Всем стало ясно: теперь, как никогда, первая роль – разведчикам. Они должны своевременно обнаруживать опорные пункты врага, его заслоны и засады и всюду находить наиболее верные и легкие пути вперед. Вместе с ними, в тесном взаимодействии, должны идти Саперы; их задача – шаг за шагом расчищать путь пехоте. А пехота должна действовать главным образом небольшими подвижными группами, вместе с собой двигая артиллерию. В связи с этим каждый младший командир был обязан проявлять в боях как можно больше самостоятельности, инициативы, благородного риска. Здесь, как никогда, каждый гвардеец в отдельности, зачастую – один на один с врагом, должен был проявить все свои лучшие воинские качества, подняться на самую высшую ступень воинского мастерства и доблести. Все поняли: этот поход сквозь леса и болота для каждого воина – труднейший экзамен выдержки, мужества, умения преодолевать любые трудности и лишения.
Все шло так, как и было задумано.
По заросшим просекам, забытым тропам, узеньким проходам, сквозь невидимые щели в стене лесов гвардейцы просочились в низменность сразу на довольно большом участке. Они стали обходить опорные пункты врага с флангов. Всюду загорелись короткие, но жаркие бои. Они были полны настоящего драматизма и невиданной ярости. Извечная тишина лубанских лесов и болот была враз опрокинута. Лес содрогался от грохота орудий. Громовое эхо катилось в дали, затянутые дымкой. Огромные деревья, хряская, падали на землю. От снарядов и мин тяжко ухали и стонали болота, а на озерах взлетали кудлатые фонтаны. Великое смятение поднялось в птичьих царствах. Отовсюду доносило сухой треск ружейно-пулеметной пальбы и порывы людской разноголосицы…
III
Особое слово о тех, что шли впереди.
Легко сказать – идти первым сквозь дремучие, необжитые, безмолвные леса и болота! Куда идти: той или этой тропой? Что вот за этим вековым деревом? Может быть, смерть? Что означает вот этот бугорок, прикрытый прошлогодней листвой и хвоей? Поднимается гриб или заложена мина? Выдержит ли вот эта кочка? Или она обманет – и тогда во власть трясины? Почему упала ветка с дерева?

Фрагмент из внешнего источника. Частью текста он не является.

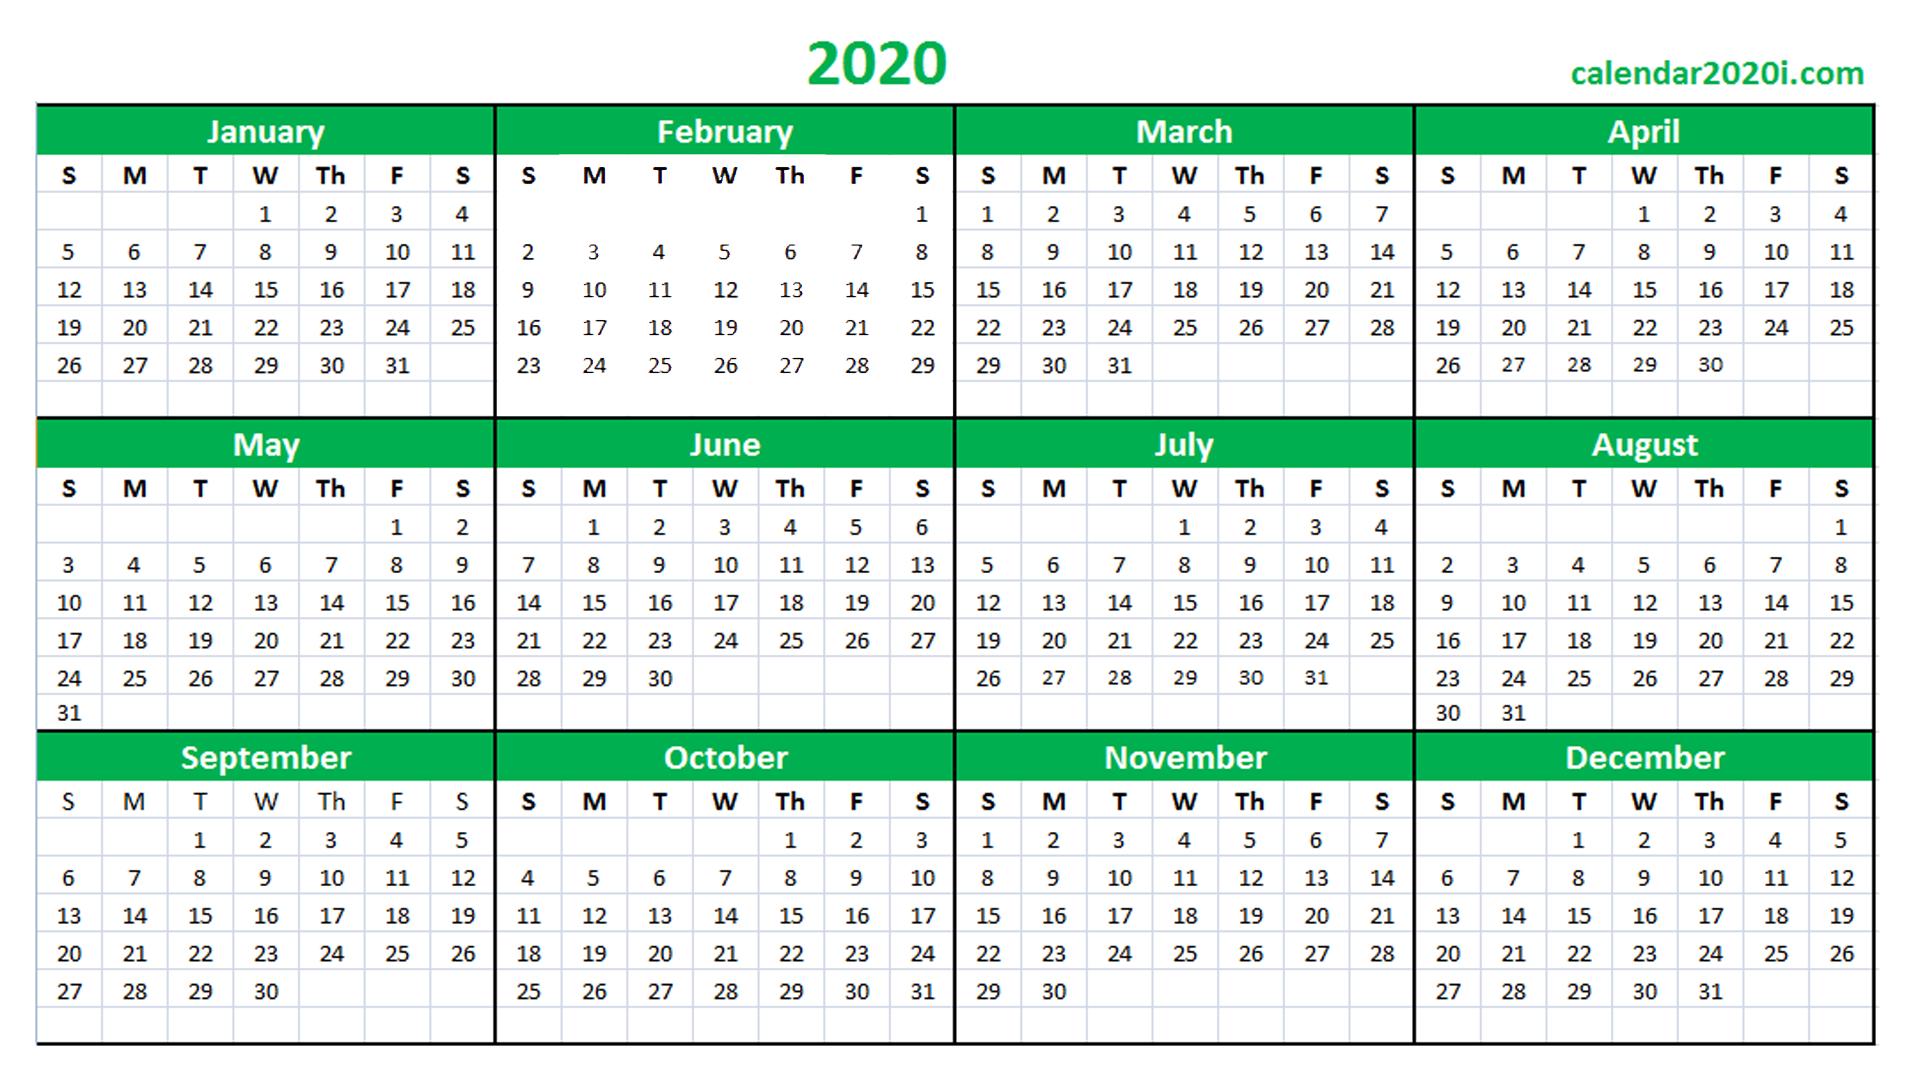 Calendar No Excel 2020 - Calendario 2019 with Formate Excell To Calendar
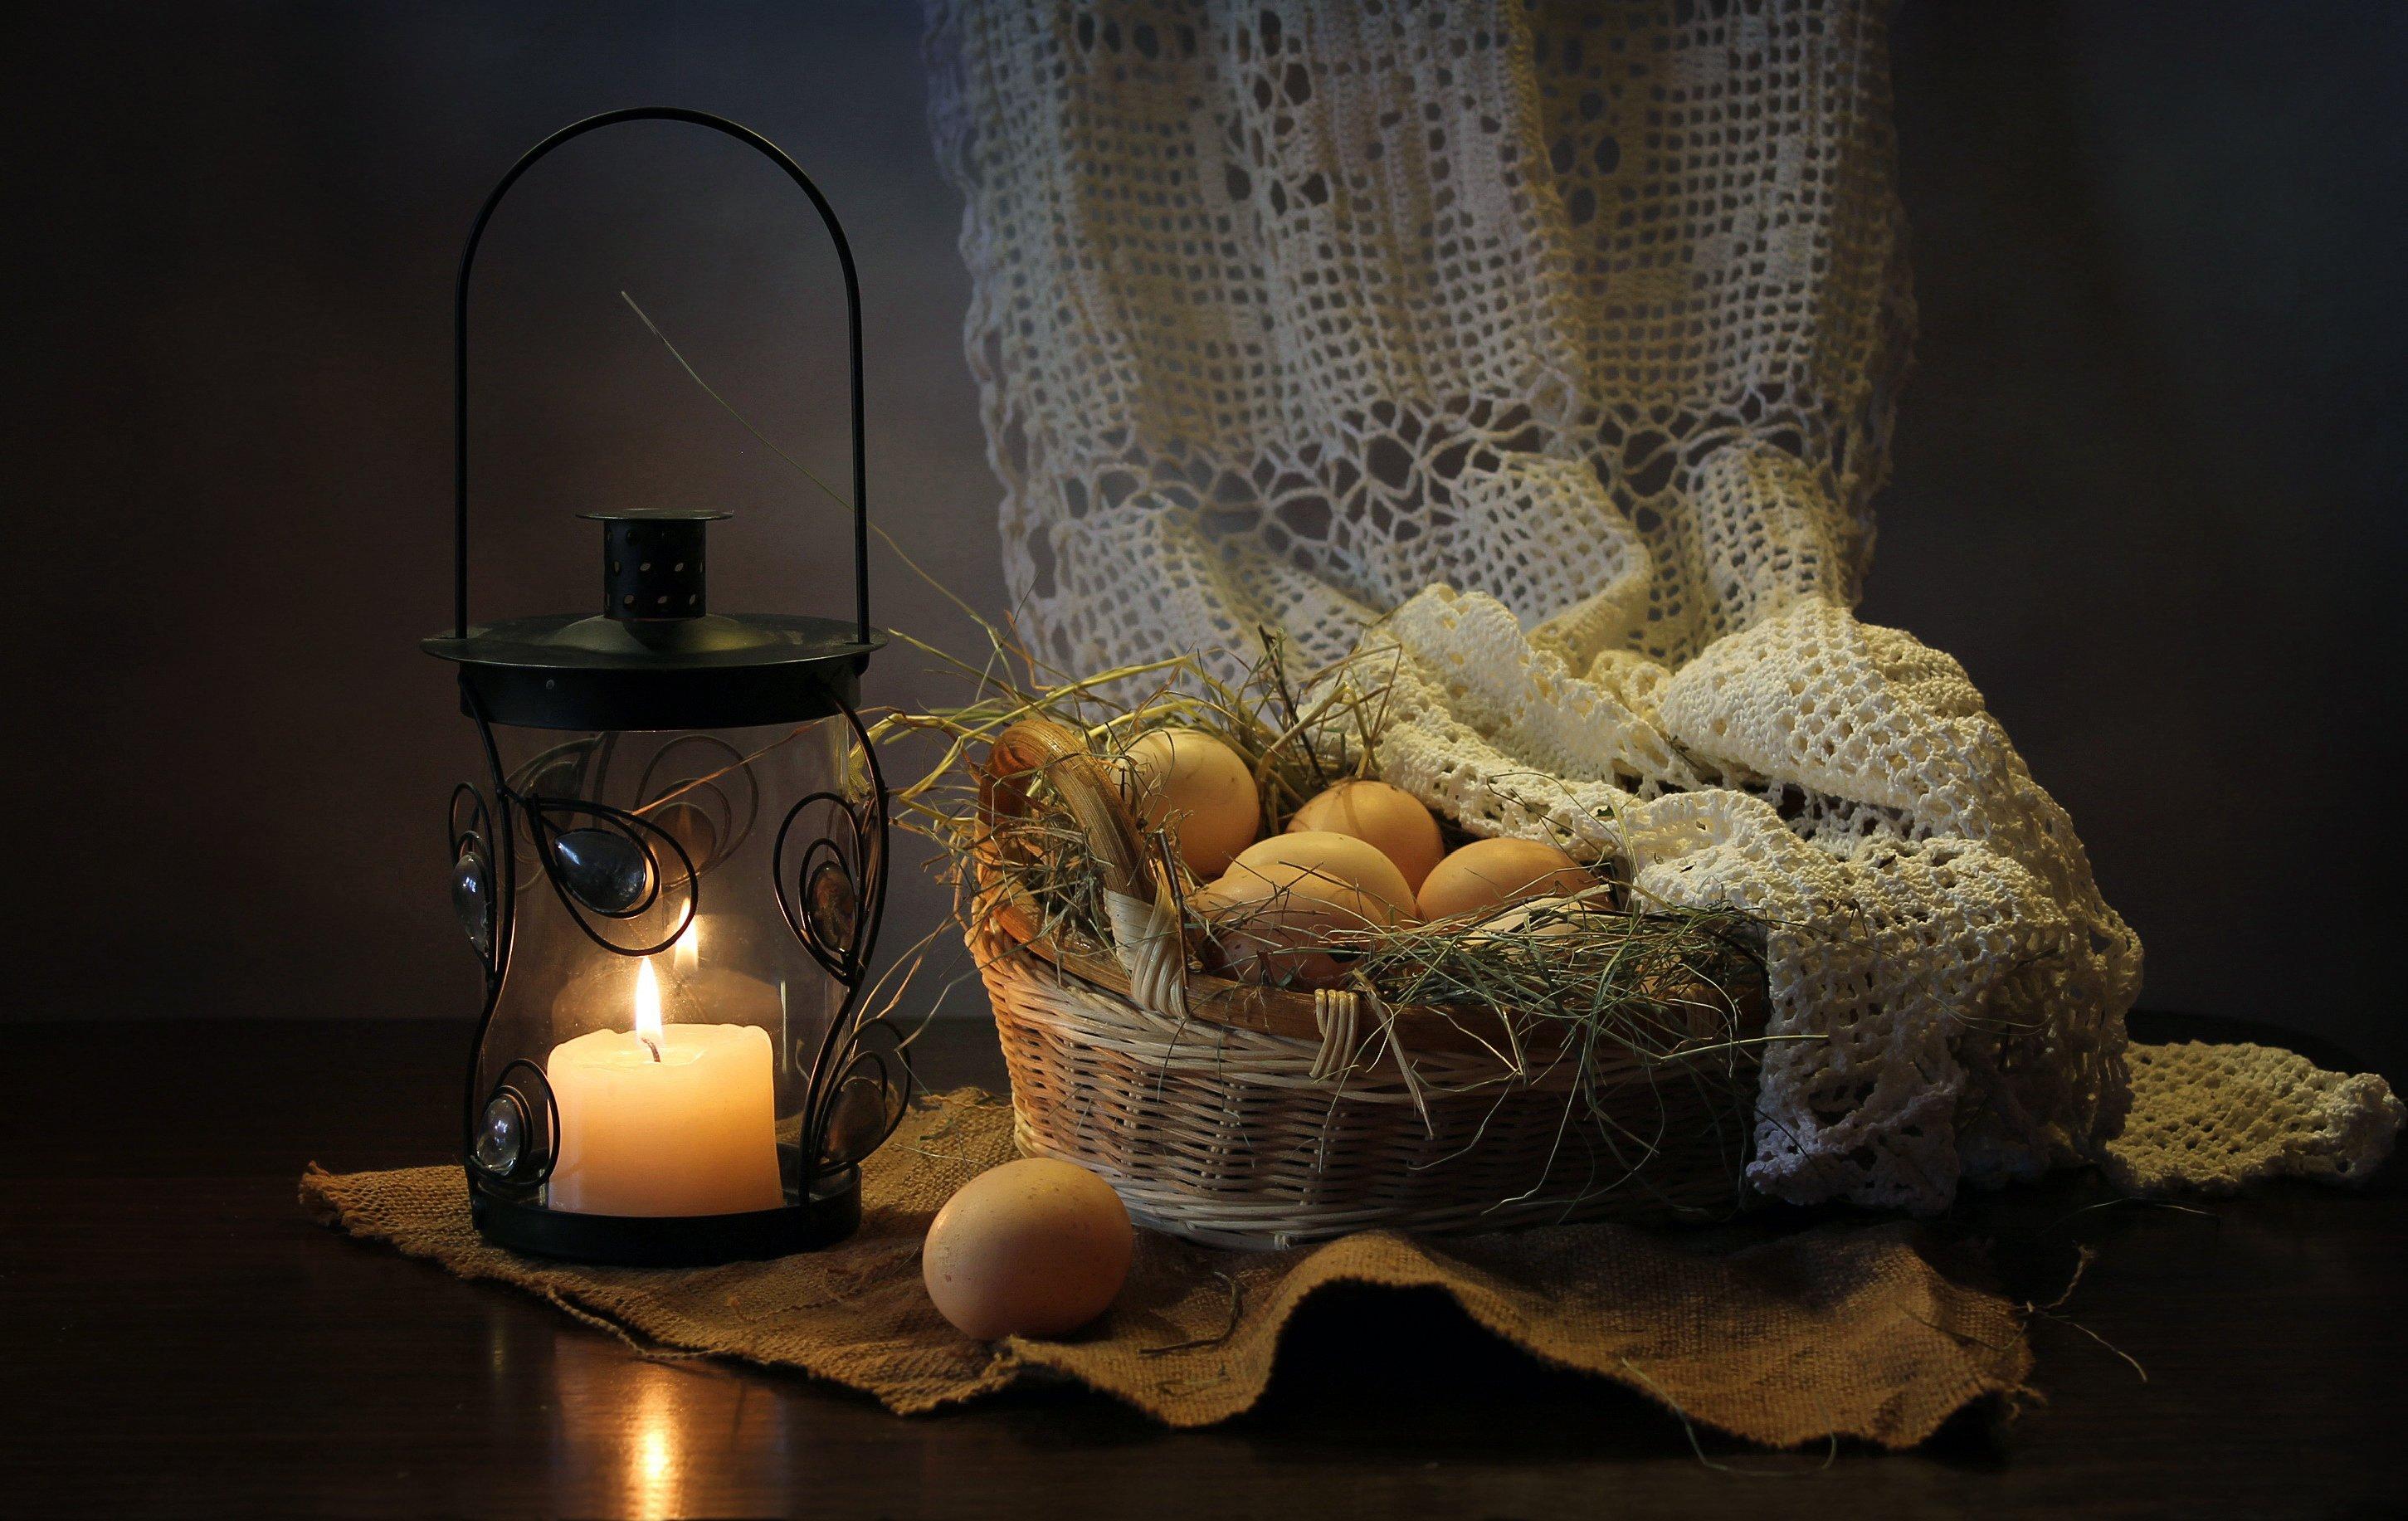 натюрморт, корзина, яйца, фонарик,  подсвечник, пасха, Ковалева Светлана

Что это блеснуло в зеленой листве?
Труден и опасен путь разведчика в лесу. Нельзя сказать, что всегда и везде в боях за низменность была хорошо организована разведка. Но большинство разведчиков все же оправдали то высокое доверие, которое возлагалось на них. Многие из них именно здесь стали подлинными мастерами разведки, обладающими большой силой, выносливостью, хитростью, бесстрашной волей.
Умело и отважно действовала в разведке, например, группа гвардии сержанта Романчука. Однажды ей было поручено разведать путь в глубь большого урочища. Романчук действовал, как того требует Боевой устав пехоты. Впереди он послал дозорными бойцов Колобова и Белоконь, а по сторонам – Вадина и Хлопова. Группа двигалась осторожно и бесшумно. Каждый боец передвигался от дерева к дереву, от куста к кусту, напрягая слух и зрение. Обо всем, что замечали и слышали, дозорные доносили Романчуку, а он – старшему командиру.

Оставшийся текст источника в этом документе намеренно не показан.